**Your assignment**
Copy the lines below exactly, starting at the one with "Dining table oak oval T in solid natural" and ending at the one with "L 220 x D 100", and leave out any picture.

**Supplied entries**
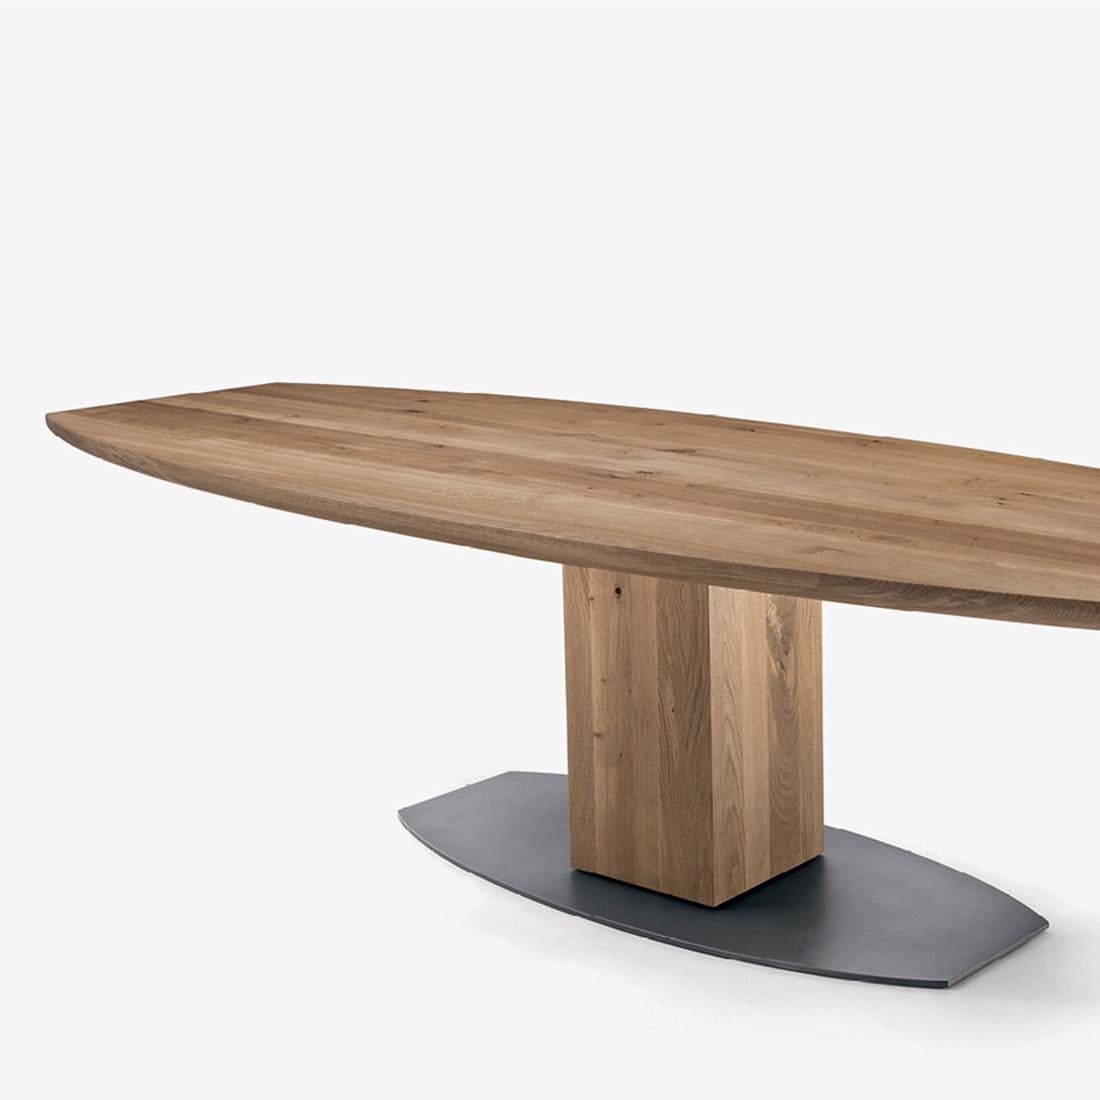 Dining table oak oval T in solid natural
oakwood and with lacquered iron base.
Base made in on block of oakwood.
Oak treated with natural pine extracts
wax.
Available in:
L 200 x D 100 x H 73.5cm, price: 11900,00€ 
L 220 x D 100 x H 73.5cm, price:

* * *

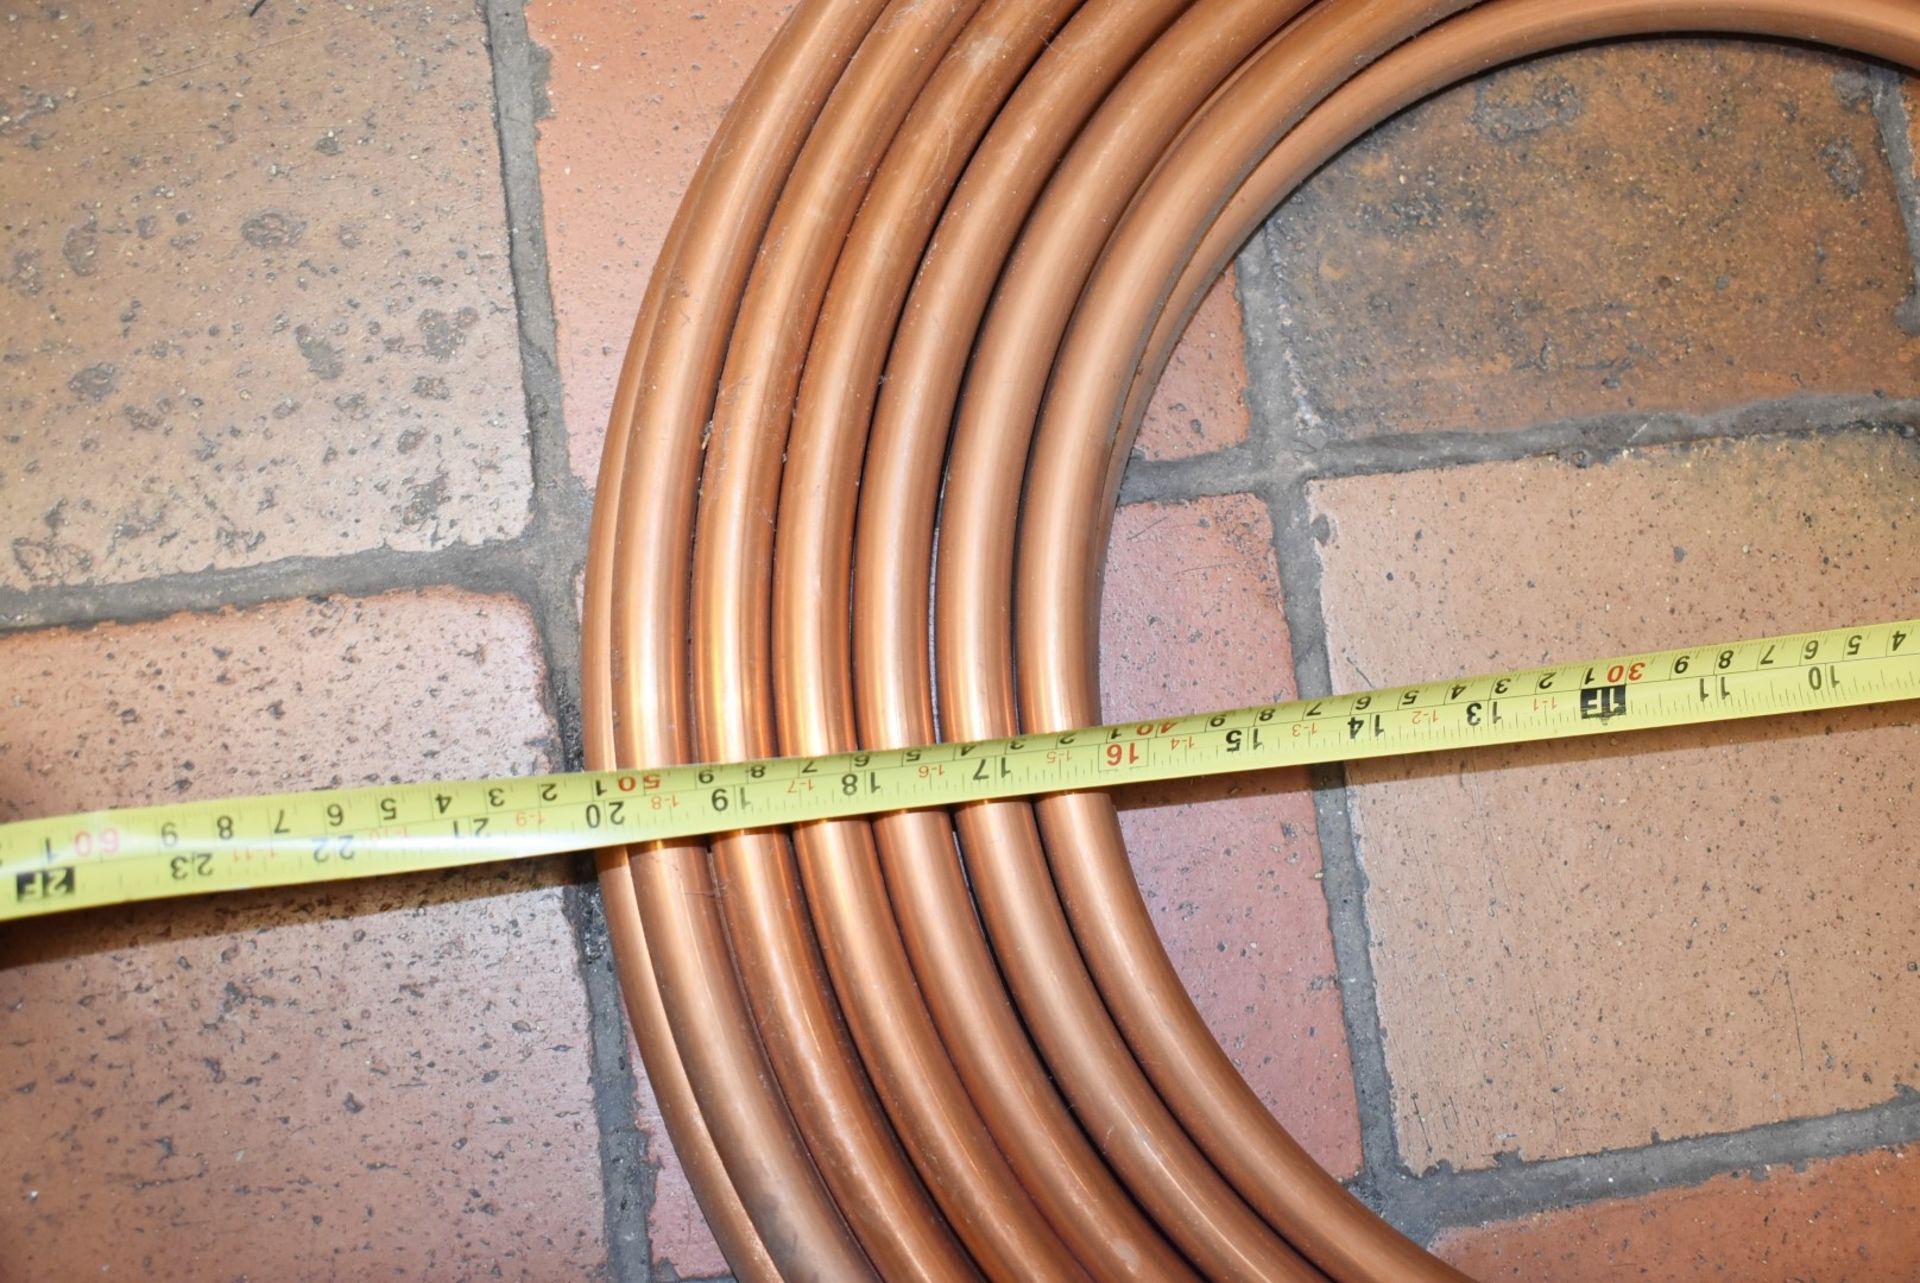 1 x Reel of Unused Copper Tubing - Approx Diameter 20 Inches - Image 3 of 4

**Answer section**
 Dining table oak oval T in solid natural
oakwood and with lacquered iron base.
Base made in on block of oakwood.
Oak treated with natural pine extracts
wax.
Available in:
L 200 x D 100 x H 73.5cm, price: 11900,00€ 
L 220 x D 100 x H 73.5cm, price:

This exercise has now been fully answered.